The heart surgeon insisted that I didn’t have time. The aneurysm could
burst at any moment. Again, I insisted
we give my daughters a chance. I suggested doing a c-section. They could deliver the babies (and we would
pray for God to sustain their life) and then the doctors could do the open
heart surgery afterwards. The surgeon
told me my body could not go through a c-section and in then immediately have
open heart surgery. I would die on the table. I recognized the options all as lose-lose
situations but right there hanging in my window, seriously the same day, was this
freshly painted sign: God is able to do IMMEASURABLY more than all we can ask
or imagine. It is His promise, immeasurably more, and that was what it would
take. A peace came over my body that I can’t explain to you, it was the Lord,
and I resolved this wasn’t my story. This was not where God brought me. He did
not bring me here for this.
No heart
surgeon in DFW wanted to touch me because I was a huge insurance liability, but
the hospital found a surgeon in Houston who would do the surgery. The plan was
to CareFlight me to Houston so the doctors wanted to do a sonogram of my heart.
They brought in the sonogram machines and told all my family and friends to
step out. As hot tears were streaming out of my eyes, they had me swallow a
scope. Normally scopes are done while you are under anesthesia, but I couldn't
have any, so I was consciously swallowing a scope that would take a picture of
my heart. The process seemed to last forever but I felt (literally felt) my
Savior holding my hand through it. After it was over, I looked up at that surgeon
and he had a very strange look on his face. He told me I had done well and walked
out of the room. That was all he said.
I
was later told the heart surgeon went straight to my husband and a waiting room
full of prayer warriors there that day. The
doctor looked at Chad and told my husband he couldn’t find the aneurysm. It was on the CT scans, every test they did,
but when they did the sonogram the aneurysm was gone. Chad asked if I still
needed surgery, and the doctor said “Nope. She doesn’t need anything. It's gone.”

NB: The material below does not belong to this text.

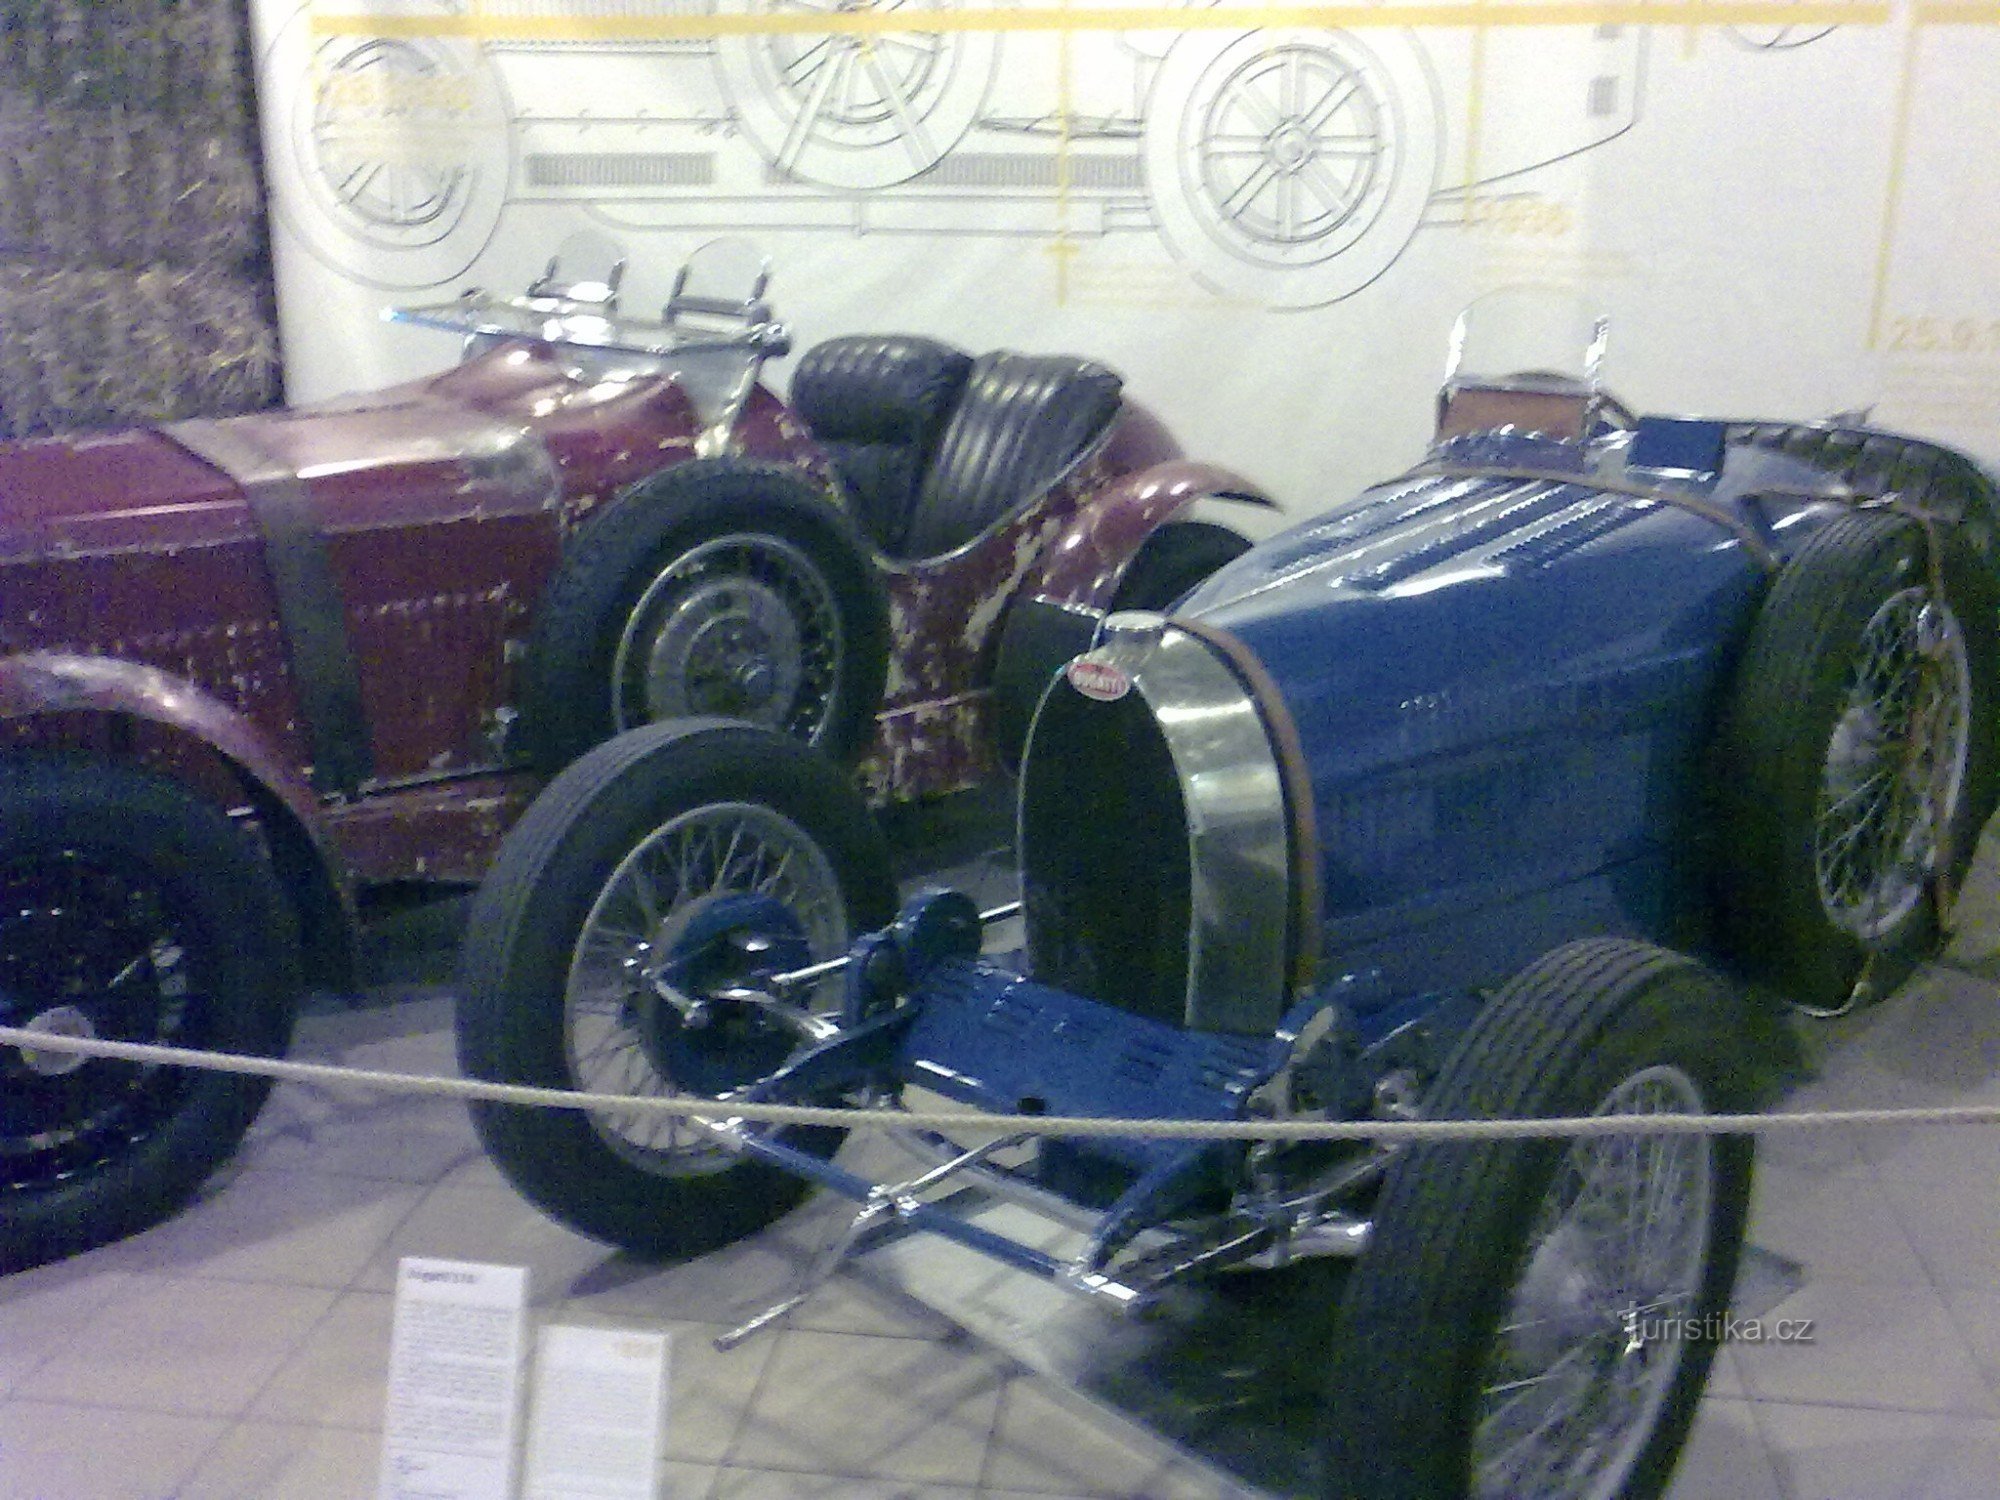 Technical Museum in Brno

The doctor was so puzzled and even had me go in weeks later for follow
ups. He admitted he didn’t know what
happened. I said, “I do! I told you. It
was God. He did immeasurably more...”
I
want to thank so many of the people who prayed. When you tell somebody you will
pray for them: pray for them! Prayer works and God is still in the miracle business!

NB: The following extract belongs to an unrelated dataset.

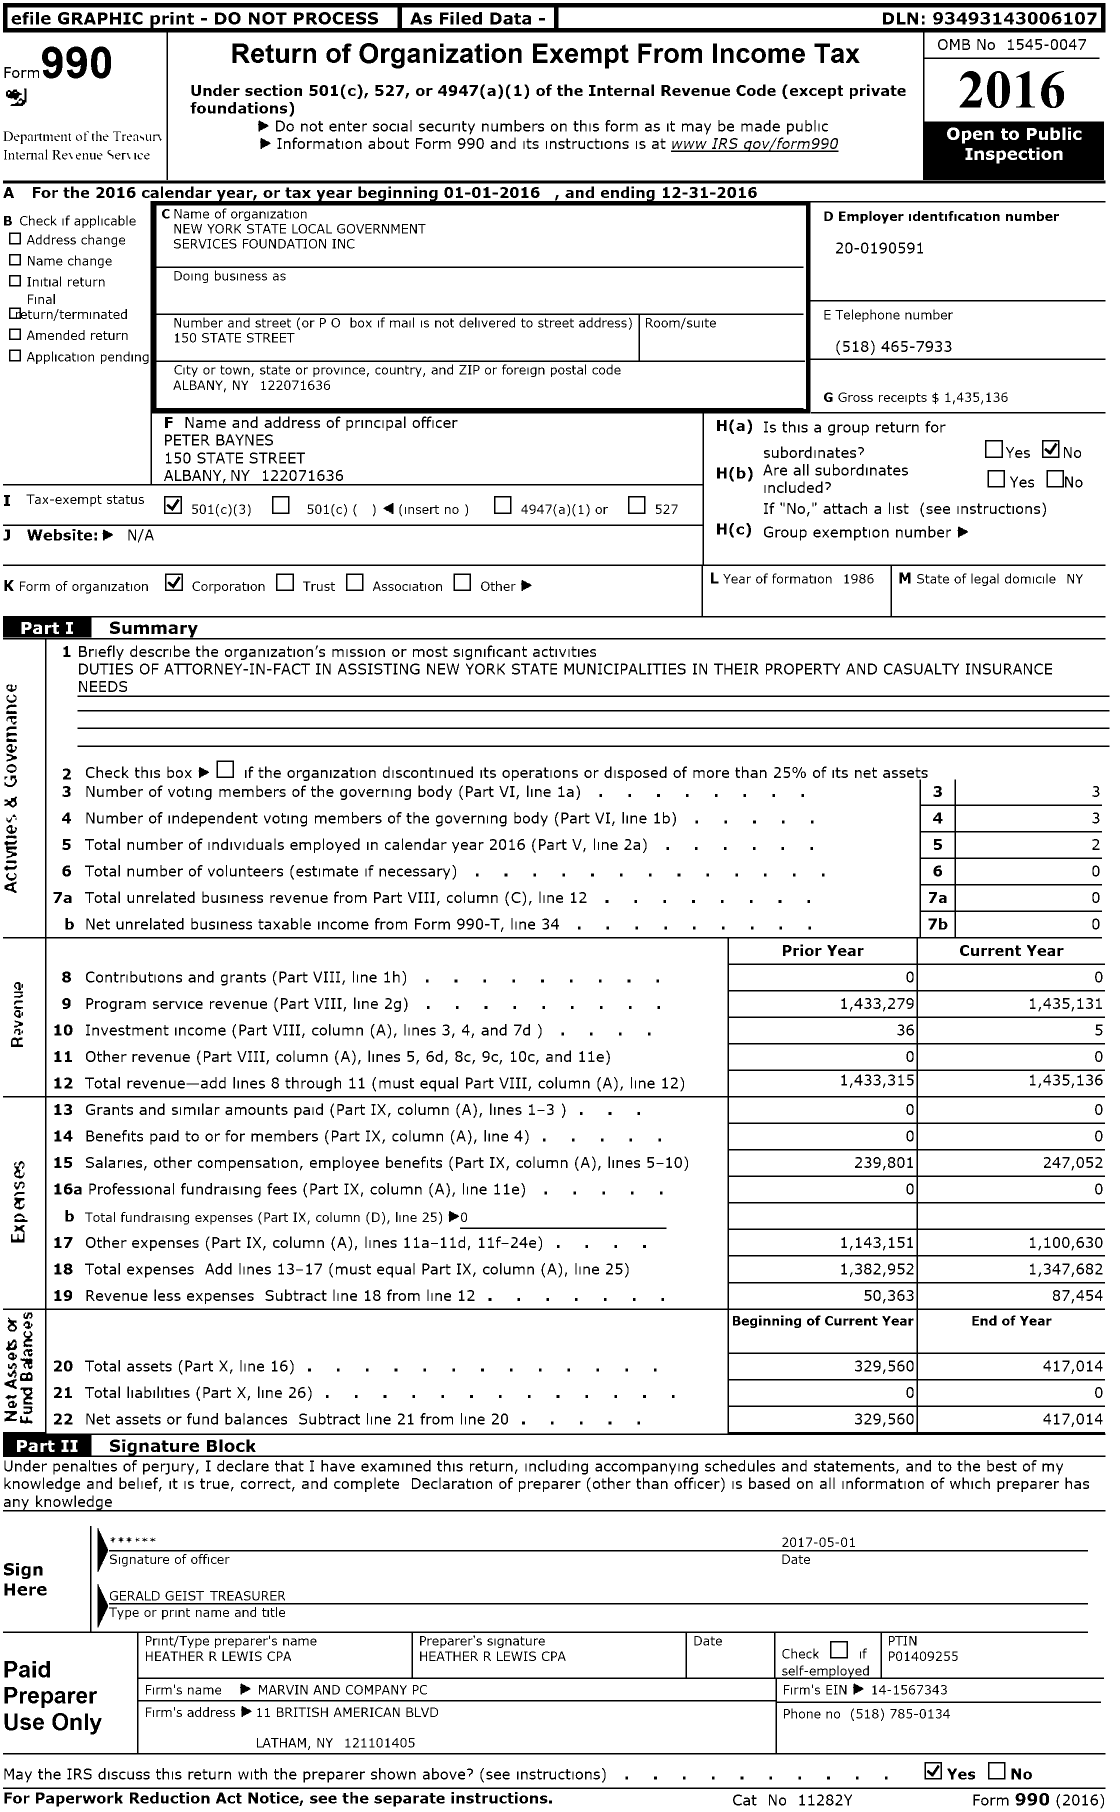 Image of first page of 2016 Form 990 for New York State Local Government Services Foundation

I was able, with the Lord's help, to hang on to those precious baby girls. At 32 weeks, my beautiful twin miracles made
their debut. Abigail Elise came first weighing 4lbs, 6oz and Reese McKenna came
one minute later weighing 3lbs, 7oz. and they are the joys of our lives. I want
you to know that God is still in the miracle business. He loves to show off
because nine months later, we all discovered there was a sibling coming. Our
son, Noah Colt was born 18 months after his sisters, rolling in at 9lbs pounds.
More than their COMBINED weight.
The
kicker of our story is that I delivered all three of those babies in the same
hospital where that first doctor told me I needed a full hysterectomy and would
never have children. Wow, I guess my
mama was right when she said that things aren't always as they seem.